• [Collected data]:
^^^^^^^^^^^^^^^^

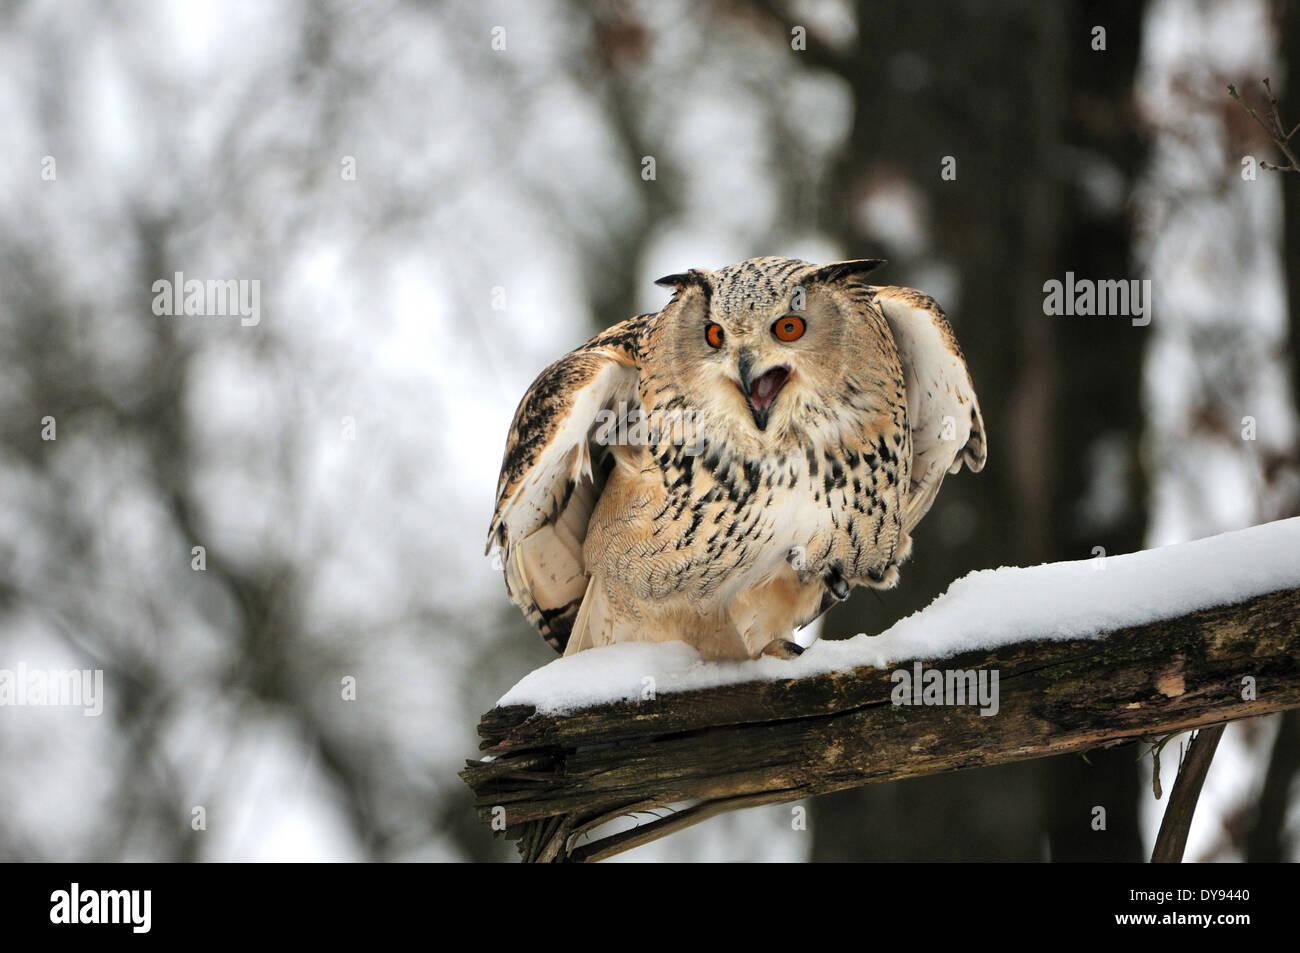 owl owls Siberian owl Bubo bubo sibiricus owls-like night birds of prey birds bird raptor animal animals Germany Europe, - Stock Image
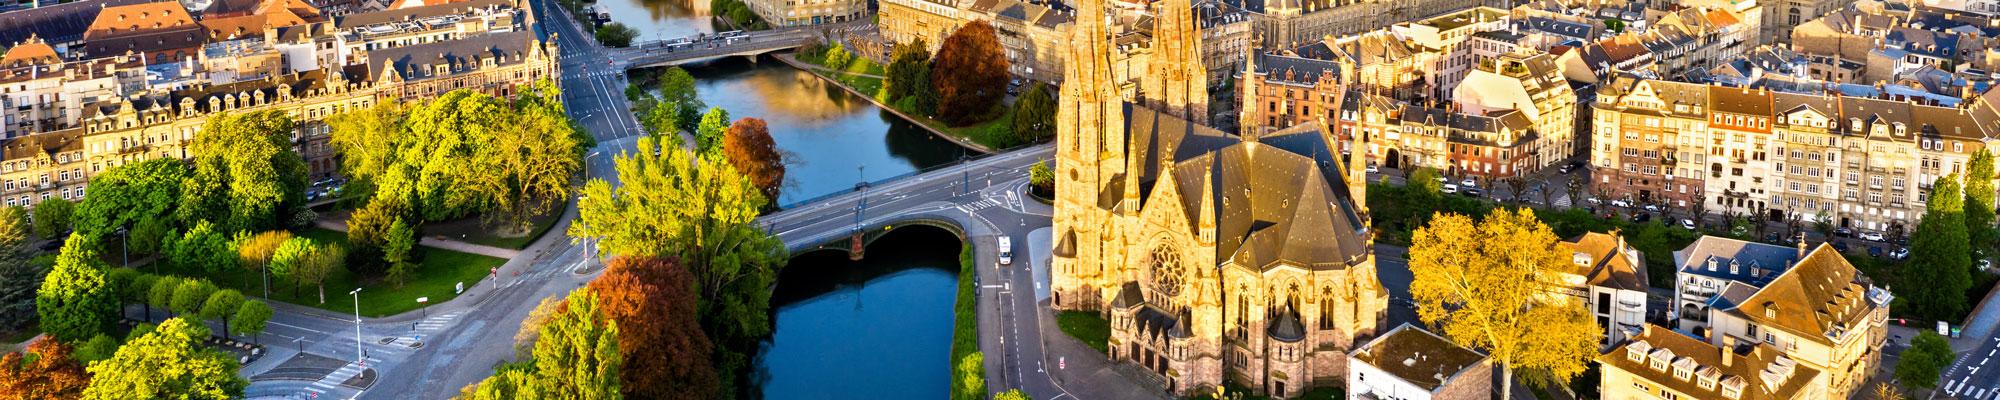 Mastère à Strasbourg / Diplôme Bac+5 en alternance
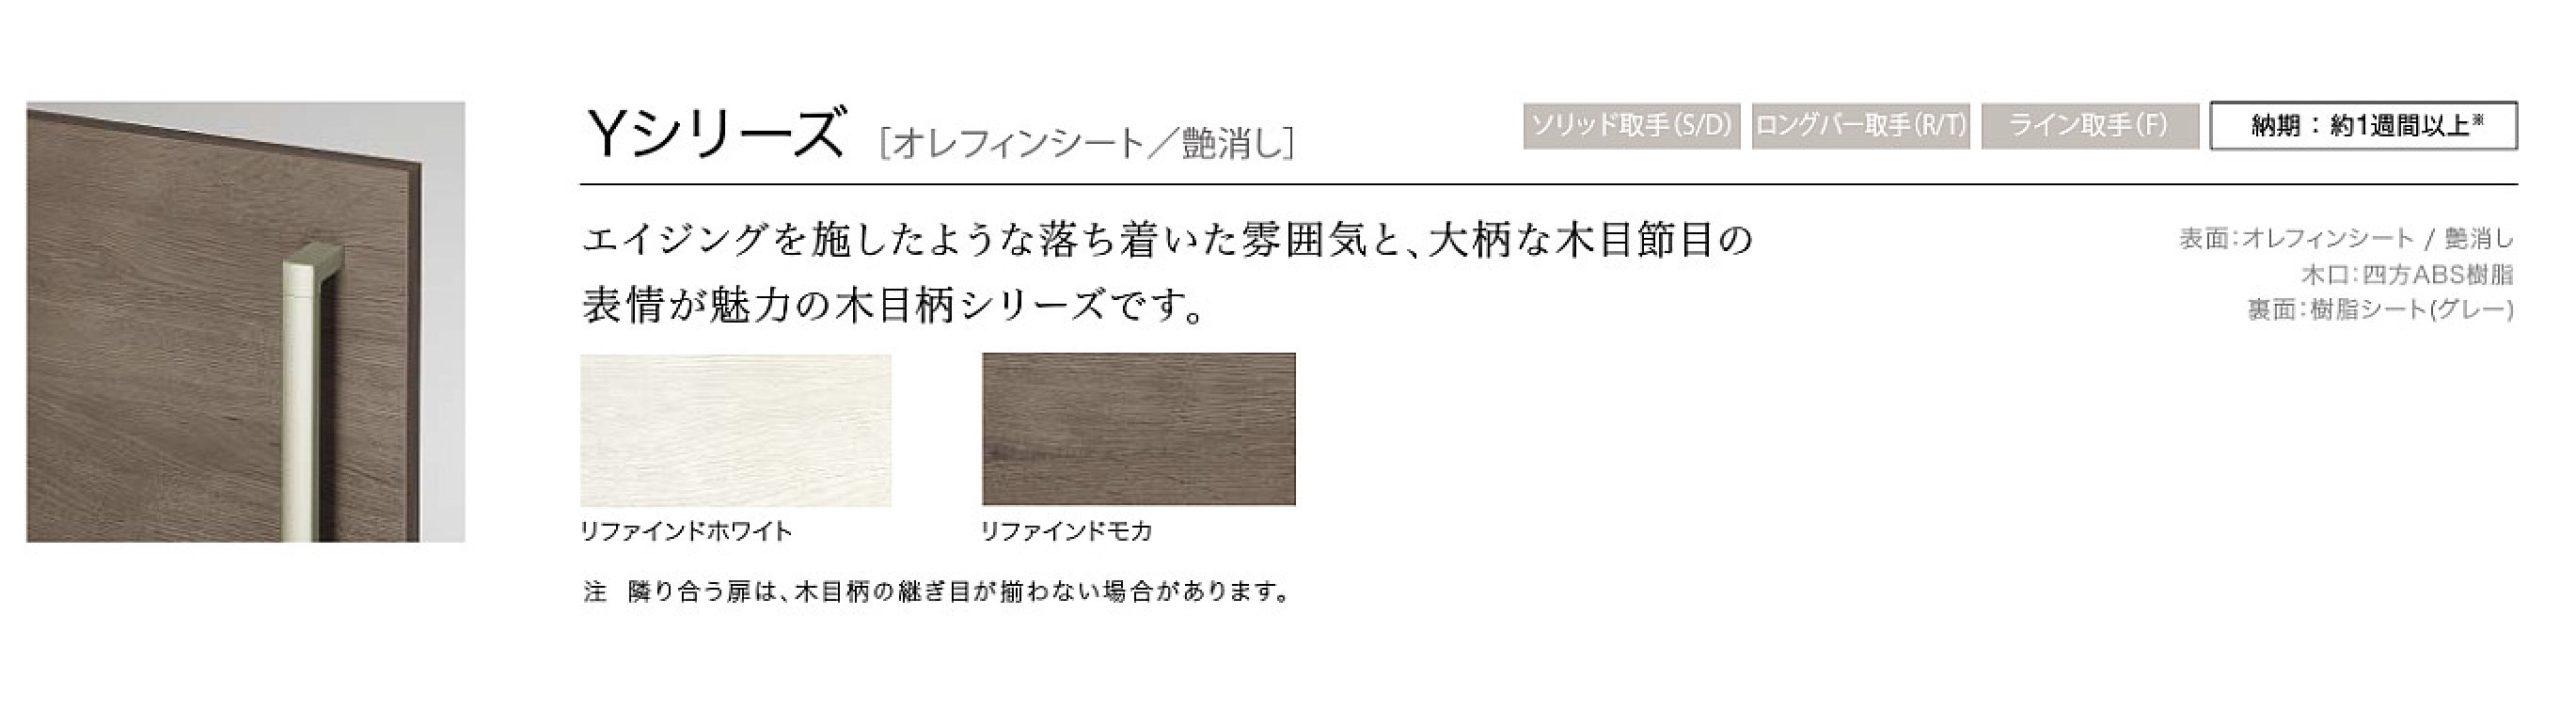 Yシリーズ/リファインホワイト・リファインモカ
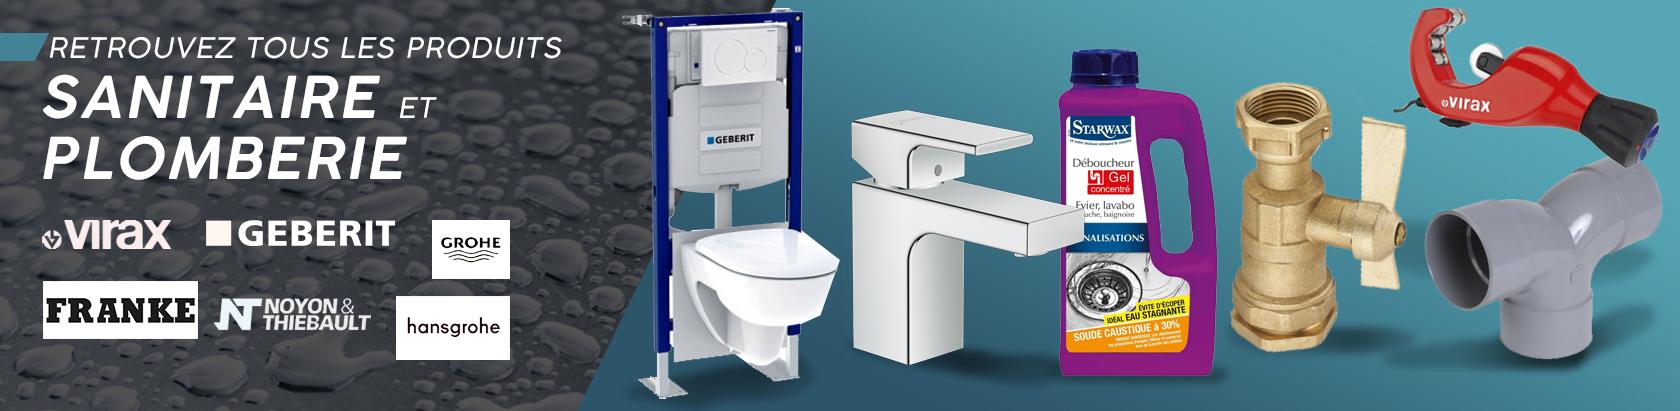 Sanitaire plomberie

^^^^^^^^^^^^^^^^

Please reproduce the lines exactly from the one containing "Mastère à Strasbourg" through the last line of the data above, and keep the pictures out.

 Mastère à Strasbourg / Diplôme Bac+5 en alternance
 Yシリーズ/リファインホワイト・リファインモカ
 Sanitaire plomberie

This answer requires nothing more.